Quanto a lui, non avrebbe certo trovato Stella in attesa con una
cioccolata calda: doveva essersi addormentata già da ore, lasciando
accesa solo la luce del corridoio di sopra. Sosteneva che se lui
preferiva crogiolarsi in casa dei suoi amici senza di lei, allora
poteva anche destreggiarsi nel buio quando rincasava, magari
dando ginocchiate in quei mobili di vetro e di metallo cromato che
l'aveva convinto ad acquistare.
Sears tornò con due bicchieri pieni e tra le labbra un sigaro appena
acceso. Ricky gli disse: «Sears, sei l'unica persona ch'io conosca
con la quale posso ammettere che a volte desidererei non essermi
mai sposato».
«Non perder tempo a invidiarmi» replicò Sears. «Sono troppo
vecchio, troppo grasso e troppo stanco.»
«Non sei nessuna di queste cose» rispose accettando il bicchiere
che Sears gli offriva, «solo ti piace fingere di esserlo.»
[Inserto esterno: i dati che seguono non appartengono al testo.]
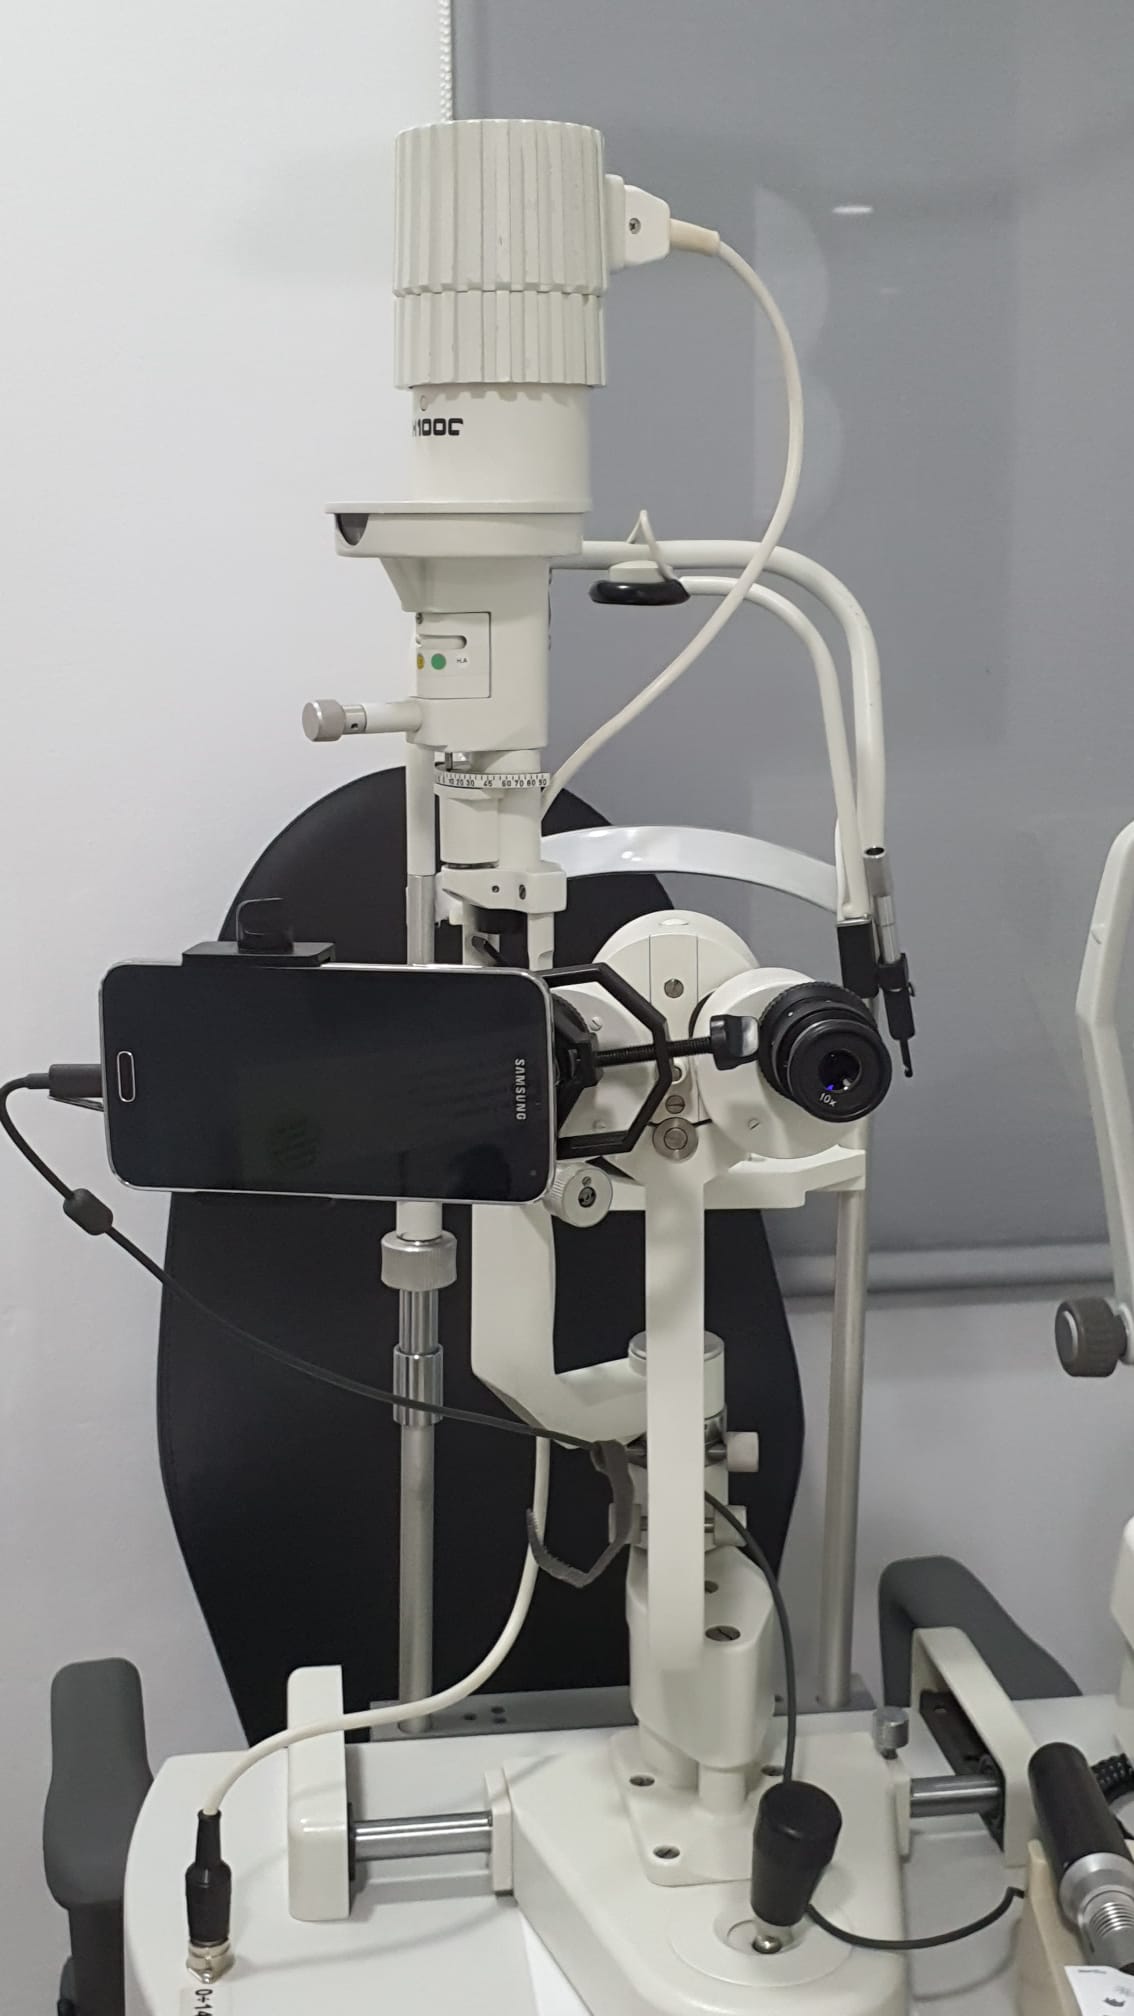 Biomicroscopio o lámpara de hendidura

«Tu, invece?» replicò Sears. «Il motivo per cui non diresti ad altri
quel che hai appena detto a me, è che resterebbero stupefatti. Stella
è una celebre bellezza. E se tu lo dicessi a lei, ti romperebbe la
testa.» Si riaccomodò nella sua poltrona, allungando le gambe e poi
incrociandole alle caviglie. «In quattro e quattr'otto allestirebbe una
cassa, ti ci ficcherebbe dentro, in cinque secondi netti ti
seppellirebbe e poi fuggirebbe con un atletico quarantenne
fragrante di salsedine e dopobarba. A me invece lo puoi dire...»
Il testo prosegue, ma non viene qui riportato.